* _What you will do_
Please reproduce exactly, and only, the lines from the one with "Bintelli M2 Fat" through the last line of the listing below, both ends included, leaving out the pictures.

* _Information shown_
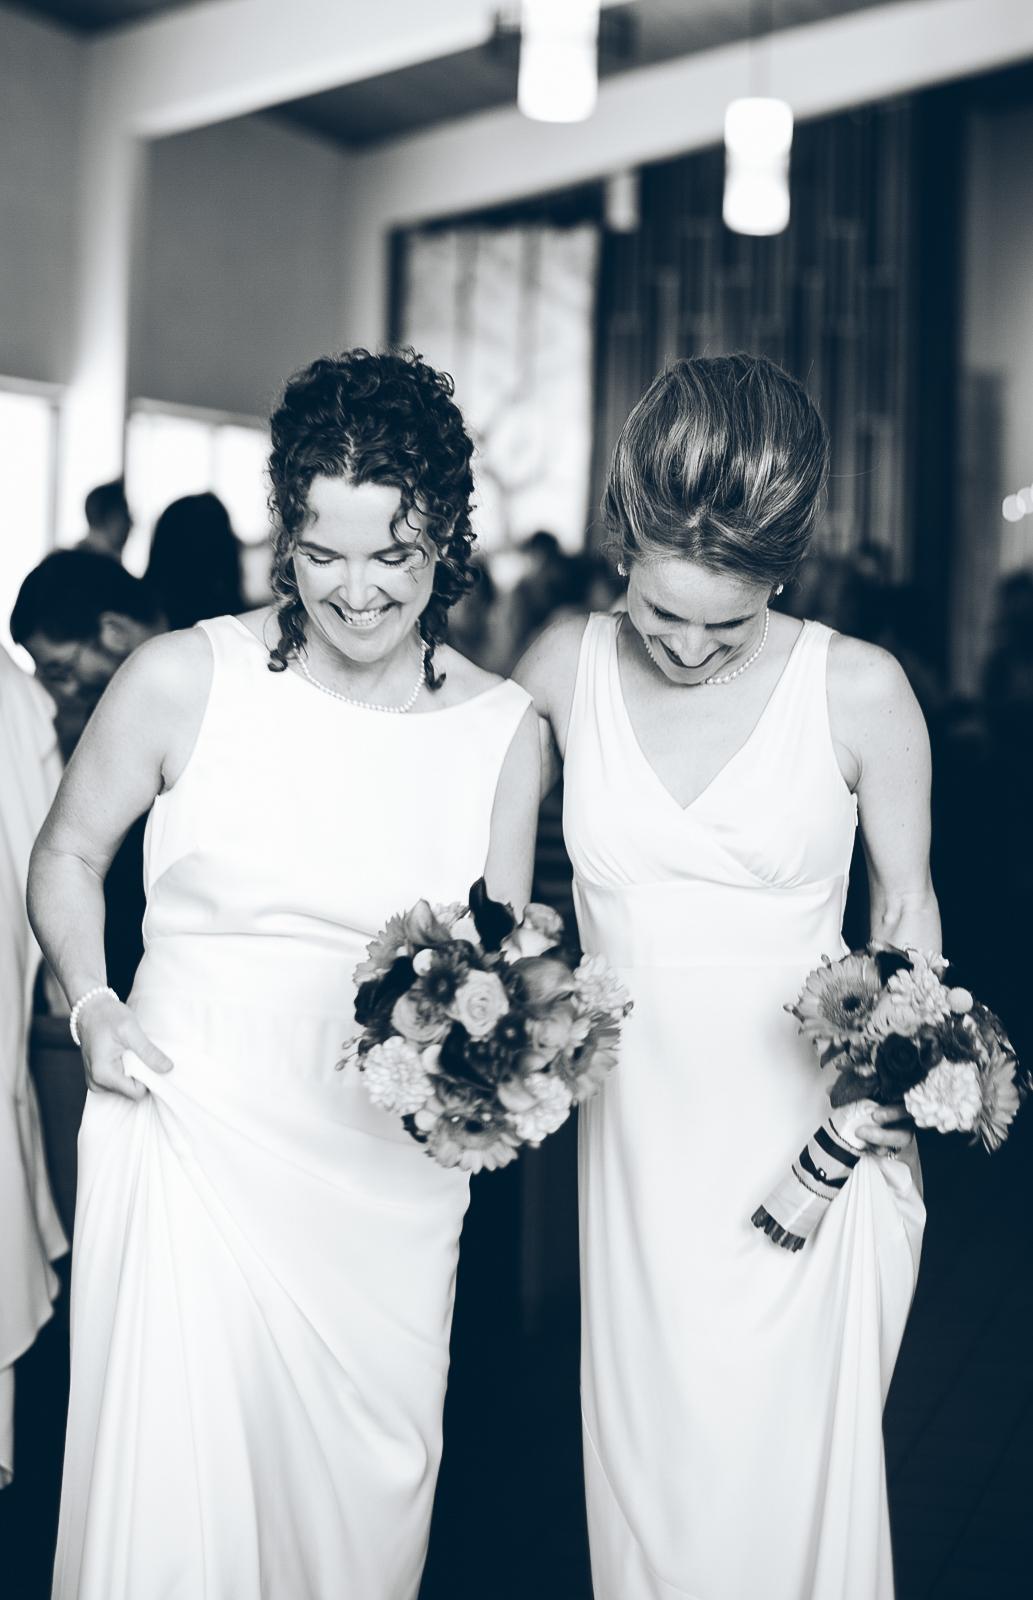 Riverside_ca_wedding_photography_marguerite_carolyn_ebony_siovhan_bokeh_photography_38.jpg
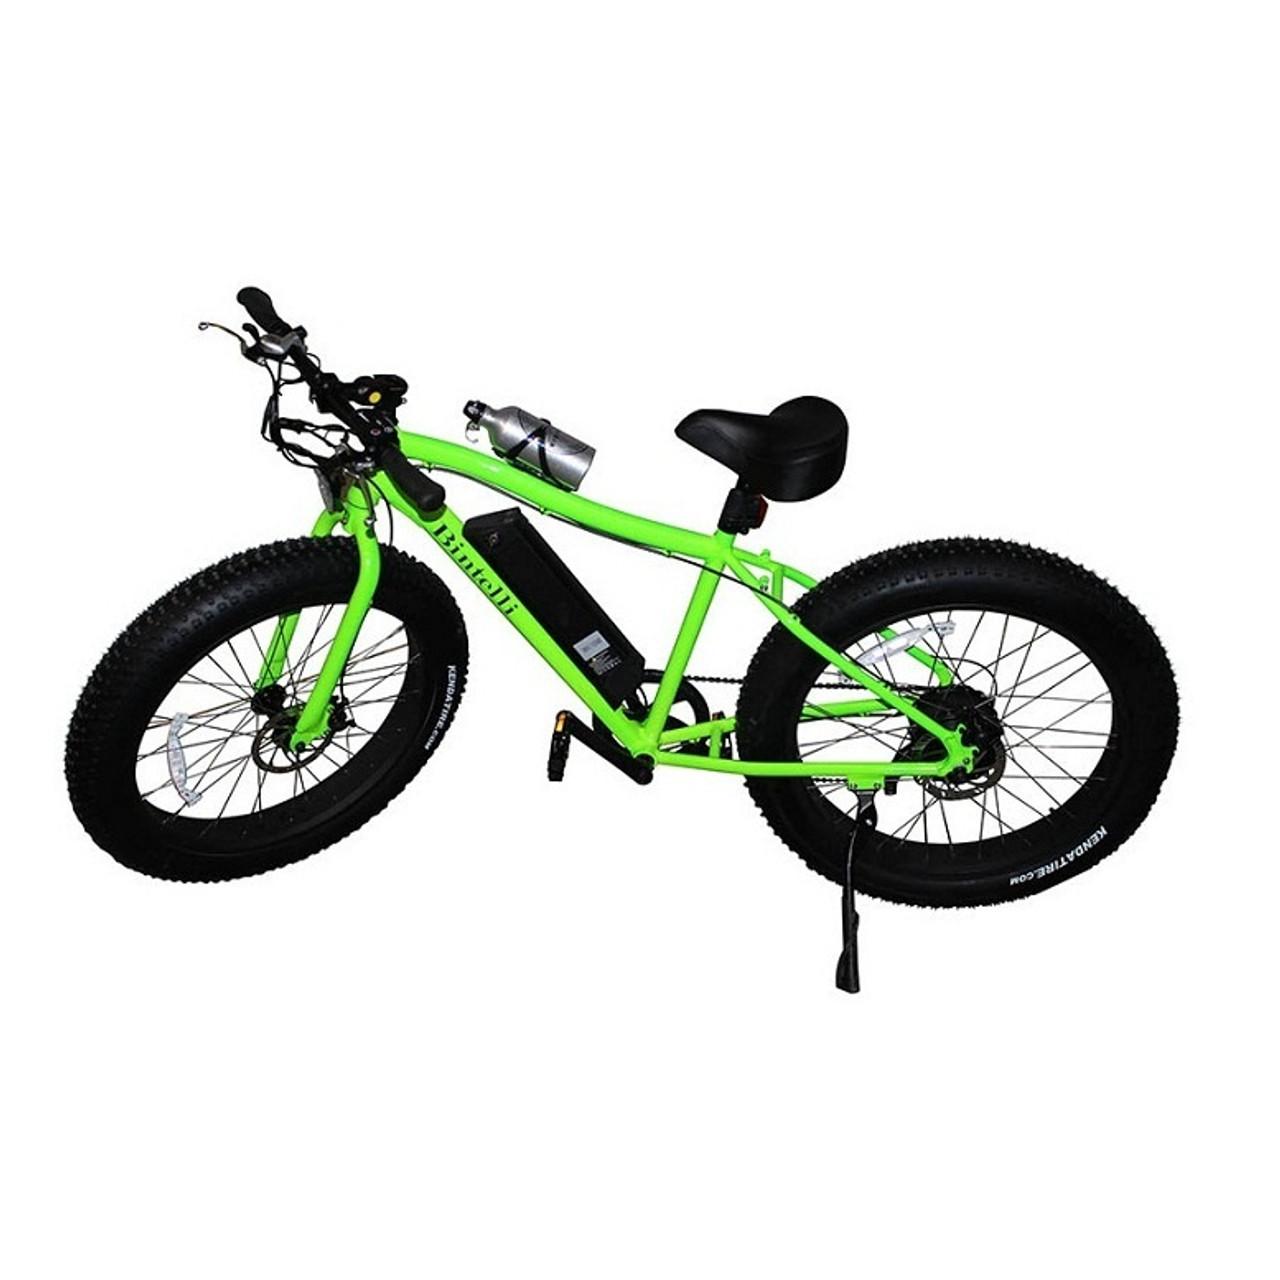 Bintelli M2 Fat Tire Mountain Electric Bicycle
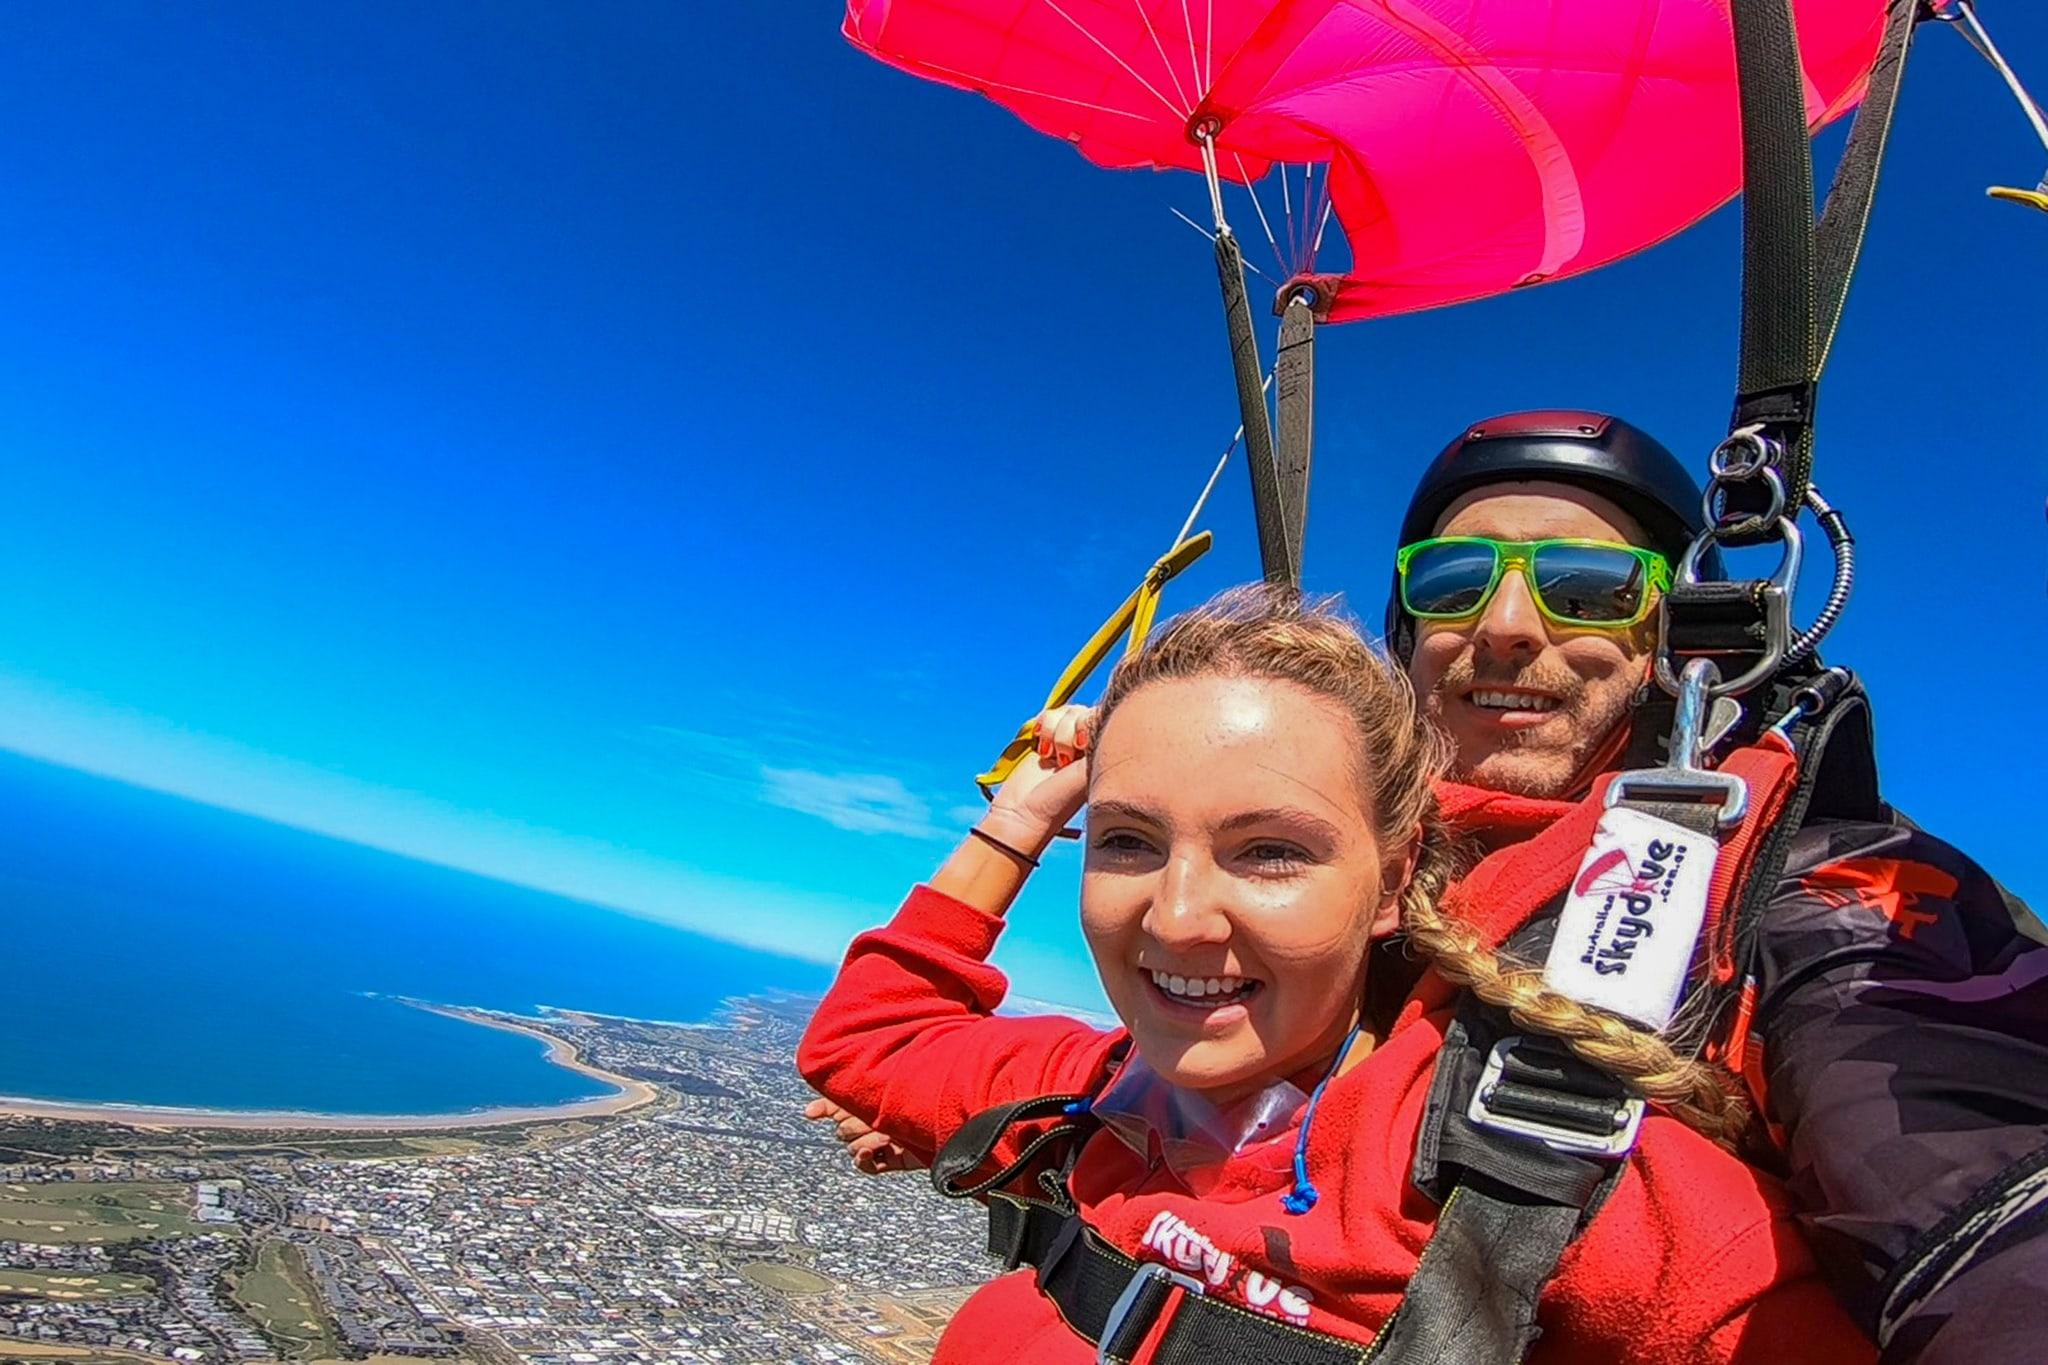 Skydiving Great Ocean Road (Torquay) - Tandem Skydive up to 15,000ft
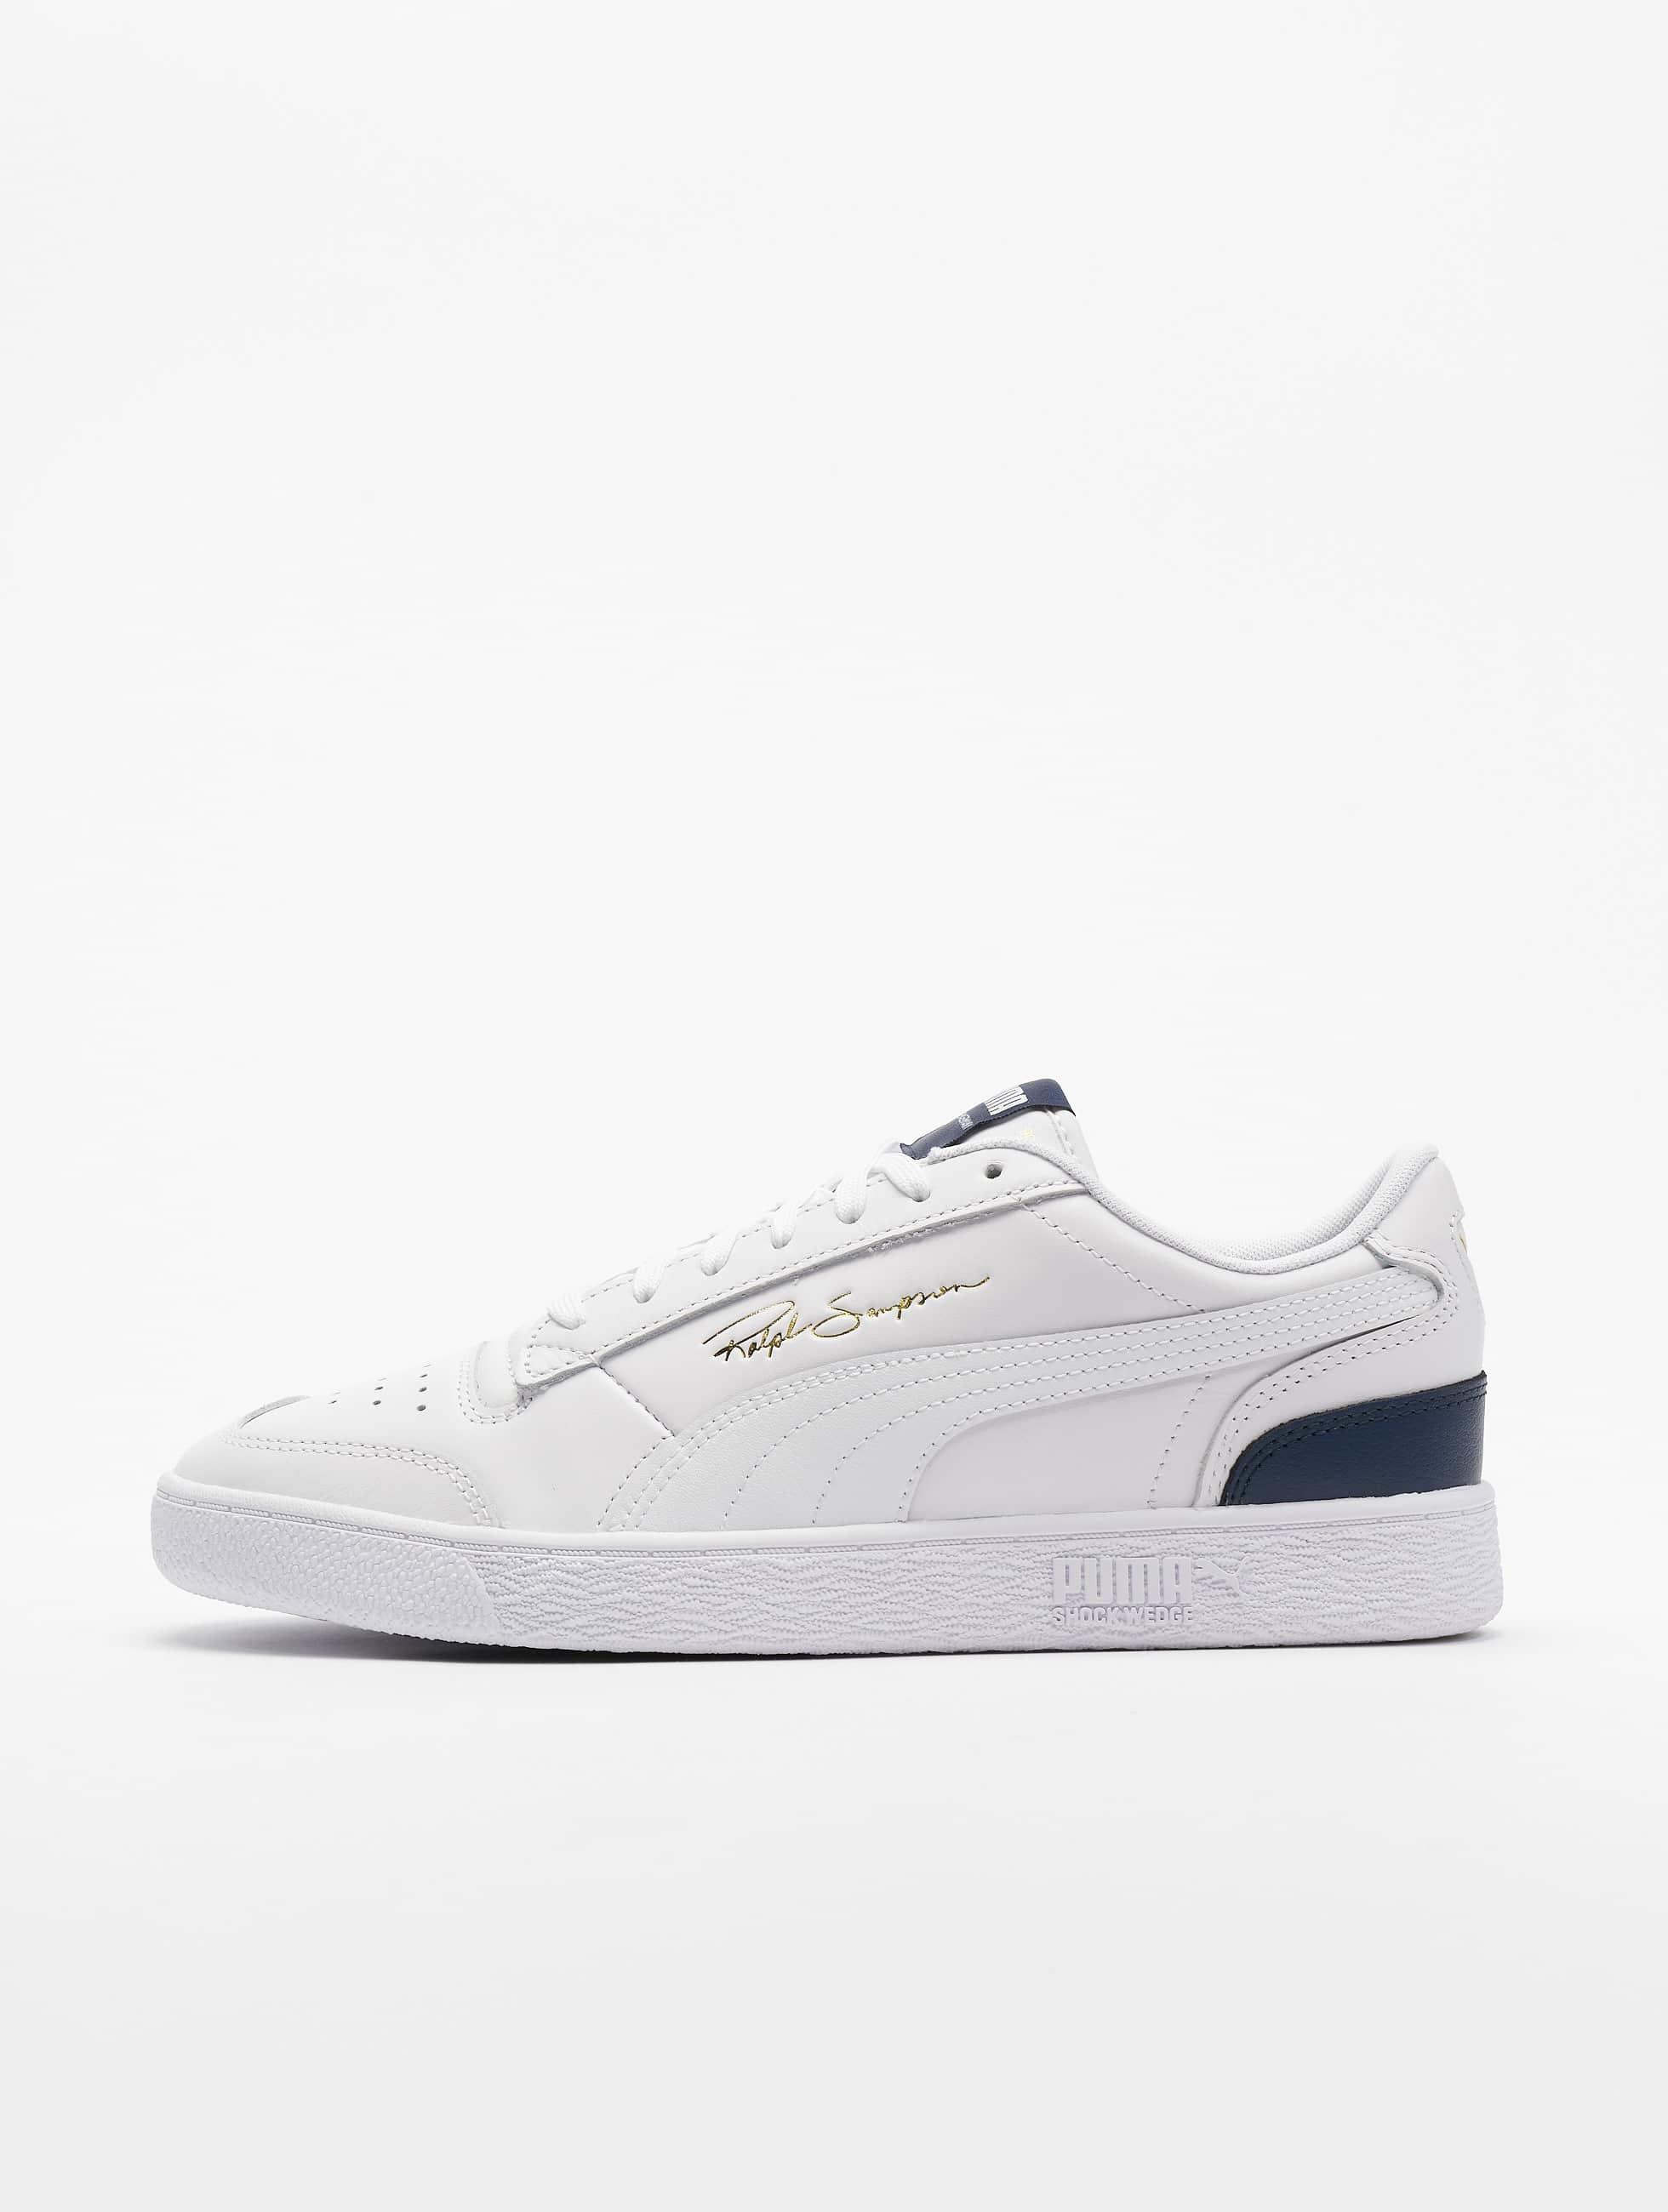 Puma Shoes | Sneakers | Poshmark

* _Answer to this task_
 Bintelli M2 Fat Tire Mountain Electric Bicycle
 Skydiving Great Ocean Road (Torquay) - Tandem Skydive up to 15,000ft
 Puma Shoes | Sneakers | Poshmark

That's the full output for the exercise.